All of the entries below need to be repeated exactly.
====
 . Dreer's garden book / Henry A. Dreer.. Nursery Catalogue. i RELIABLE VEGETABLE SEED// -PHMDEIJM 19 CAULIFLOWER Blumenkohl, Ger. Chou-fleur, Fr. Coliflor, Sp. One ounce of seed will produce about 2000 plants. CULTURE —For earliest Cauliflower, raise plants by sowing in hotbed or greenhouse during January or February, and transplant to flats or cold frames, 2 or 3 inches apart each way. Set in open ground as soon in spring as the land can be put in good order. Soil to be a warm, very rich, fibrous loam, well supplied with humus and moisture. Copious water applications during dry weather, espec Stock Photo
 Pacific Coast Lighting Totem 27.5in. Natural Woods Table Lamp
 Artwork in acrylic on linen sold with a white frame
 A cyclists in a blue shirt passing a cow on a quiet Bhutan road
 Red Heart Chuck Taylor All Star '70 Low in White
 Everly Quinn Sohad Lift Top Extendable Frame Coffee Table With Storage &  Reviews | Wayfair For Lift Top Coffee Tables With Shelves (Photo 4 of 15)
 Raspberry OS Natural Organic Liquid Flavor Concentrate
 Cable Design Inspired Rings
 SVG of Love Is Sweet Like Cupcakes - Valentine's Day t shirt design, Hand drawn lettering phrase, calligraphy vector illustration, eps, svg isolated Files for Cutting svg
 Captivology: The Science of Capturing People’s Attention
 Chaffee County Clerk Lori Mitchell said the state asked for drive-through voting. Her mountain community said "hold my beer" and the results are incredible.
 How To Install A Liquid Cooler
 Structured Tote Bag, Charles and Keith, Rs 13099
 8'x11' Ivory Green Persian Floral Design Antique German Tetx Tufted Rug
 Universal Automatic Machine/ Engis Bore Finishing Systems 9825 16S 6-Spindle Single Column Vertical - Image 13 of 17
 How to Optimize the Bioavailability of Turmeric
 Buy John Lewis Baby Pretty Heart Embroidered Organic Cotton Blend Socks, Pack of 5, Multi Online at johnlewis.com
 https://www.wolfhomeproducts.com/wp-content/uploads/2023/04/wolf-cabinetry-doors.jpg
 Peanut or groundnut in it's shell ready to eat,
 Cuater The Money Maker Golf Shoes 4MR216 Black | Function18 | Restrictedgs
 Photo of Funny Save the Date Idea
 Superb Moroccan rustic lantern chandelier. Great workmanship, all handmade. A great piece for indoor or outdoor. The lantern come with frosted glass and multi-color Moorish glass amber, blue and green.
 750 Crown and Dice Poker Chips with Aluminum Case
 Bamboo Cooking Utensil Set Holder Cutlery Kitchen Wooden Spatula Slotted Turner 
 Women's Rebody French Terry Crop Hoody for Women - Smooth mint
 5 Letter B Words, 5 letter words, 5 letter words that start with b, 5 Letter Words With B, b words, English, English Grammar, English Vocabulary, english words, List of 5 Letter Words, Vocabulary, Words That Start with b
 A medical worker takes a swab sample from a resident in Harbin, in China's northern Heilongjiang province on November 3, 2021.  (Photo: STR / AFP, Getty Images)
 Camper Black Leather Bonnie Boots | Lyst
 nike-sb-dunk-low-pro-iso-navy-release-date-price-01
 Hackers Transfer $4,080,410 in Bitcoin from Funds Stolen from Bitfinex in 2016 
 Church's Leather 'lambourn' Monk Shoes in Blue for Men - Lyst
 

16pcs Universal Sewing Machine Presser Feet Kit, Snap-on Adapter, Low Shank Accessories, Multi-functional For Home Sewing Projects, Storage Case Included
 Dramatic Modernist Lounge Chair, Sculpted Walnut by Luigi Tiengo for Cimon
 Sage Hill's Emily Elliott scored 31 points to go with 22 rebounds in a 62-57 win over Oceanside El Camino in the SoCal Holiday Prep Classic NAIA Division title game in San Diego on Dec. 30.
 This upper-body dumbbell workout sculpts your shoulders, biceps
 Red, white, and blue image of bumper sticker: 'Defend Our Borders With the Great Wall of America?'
====
#### RESULT FOR THIS TASK
 . Dreer's garden book / Henry A. Dreer.. Nursery Catalogue. i RELIABLE VEGETABLE SEED// -PHMDEIJM 19 CAULIFLOWER Blumenkohl, Ger. Chou-fleur, Fr. Coliflor, Sp. One ounce of seed will produce about 2000 plants. CULTURE —For earliest Cauliflower, raise plants by sowing in hotbed or greenhouse during January or February, and transplant to flats or cold frames, 2 or 3 inches apart each way. Set in open ground as soon in spring as the land can be put in good order. Soil to be a warm, very rich, fibrous loam, well supplied with humus and moisture. Copious water applications during dry weather, espec Stock Photo
 Pacific Coast Lighting Totem 27.5in. Natural Woods Table Lamp
 Artwork in acrylic on linen sold with a white frame
 A cyclists in a blue shirt passing a cow on a quiet Bhutan road
 Red Heart Chuck Taylor All Star '70 Low in White
 Everly Quinn Sohad Lift Top Extendable Frame Coffee Table With Storage &  Reviews | Wayfair For Lift Top Coffee Tables With Shelves (Photo 4 of 15)
 Raspberry OS Natural Organic Liquid Flavor Concentrate
 Cable Design Inspired Rings
 SVG of Love Is Sweet Like Cupcakes - Valentine's Day t shirt design, Hand drawn lettering phrase, calligraphy vector illustration, eps, svg isolated Files for Cutting svg
 Captivology: The Science of Capturing People’s Attention
 Chaffee County Clerk Lori Mitchell said the state asked for drive-through voting. Her mountain community said "hold my beer" and the results are incredible.
 How To Install A Liquid Cooler
 Structured Tote Bag, Charles and Keith, Rs 13099
 8'x11' Ivory Green Persian Floral Design Antique German Tetx Tufted Rug
 Universal Automatic Machine/ Engis Bore Finishing Systems 9825 16S 6-Spindle Single Column Vertical - Image 13 of 17
 How to Optimize the Bioavailability of Turmeric
 Buy John Lewis Baby Pretty Heart Embroidered Organic Cotton Blend Socks, Pack of 5, Multi Online at johnlewis.com
 https://www.wolfhomeproducts.com/wp-content/uploads/2023/04/wolf-cabinetry-doors.jpg
 Peanut or groundnut in it's shell ready to eat,
 Cuater The Money Maker Golf Shoes 4MR216 Black | Function18 | Restrictedgs
 Photo of Funny Save the Date Idea
 Superb Moroccan rustic lantern chandelier. Great workmanship, all handmade. A great piece for indoor or outdoor. The lantern come with frosted glass and multi-color Moorish glass amber, blue and green.
 750 Crown and Dice Poker Chips with Aluminum Case
 Bamboo Cooking Utensil Set Holder Cutlery Kitchen Wooden Spatula Slotted Turner 
 Women's Rebody French Terry Crop Hoody for Women - Smooth mint
 5 Letter B Words, 5 letter words, 5 letter words that start with b, 5 Letter Words With B, b words, English, English Grammar, English Vocabulary, english words, List of 5 Letter Words, Vocabulary, Words That Start with b
 A medical worker takes a swab sample from a resident in Harbin, in China's northern Heilongjiang province on November 3, 2021.  (Photo: STR / AFP, Getty Images)
 Camper Black Leather Bonnie Boots | Lyst
 nike-sb-dunk-low-pro-iso-navy-release-date-price-01
 Hackers Transfer $4,080,410 in Bitcoin from Funds Stolen from Bitfinex in 2016 
 Church's Leather 'lambourn' Monk Shoes in Blue for Men - Lyst
 

16pcs Universal Sewing Machine Presser Feet Kit, Snap-on Adapter, Low Shank Accessories, Multi-functional For Home Sewing Projects, Storage Case Included
 Dramatic Modernist Lounge Chair, Sculpted Walnut by Luigi Tiengo for Cimon
 Sage Hill's Emily Elliott scored 31 points to go with 22 rebounds in a 62-57 win over Oceanside El Camino in the SoCal Holiday Prep Classic NAIA Division title game in San Diego on Dec. 30.
 This upper-body dumbbell workout sculpts your shoulders, biceps
 Red, white, and blue image of bumper sticker: 'Defend Our Borders With the Great Wall of America?'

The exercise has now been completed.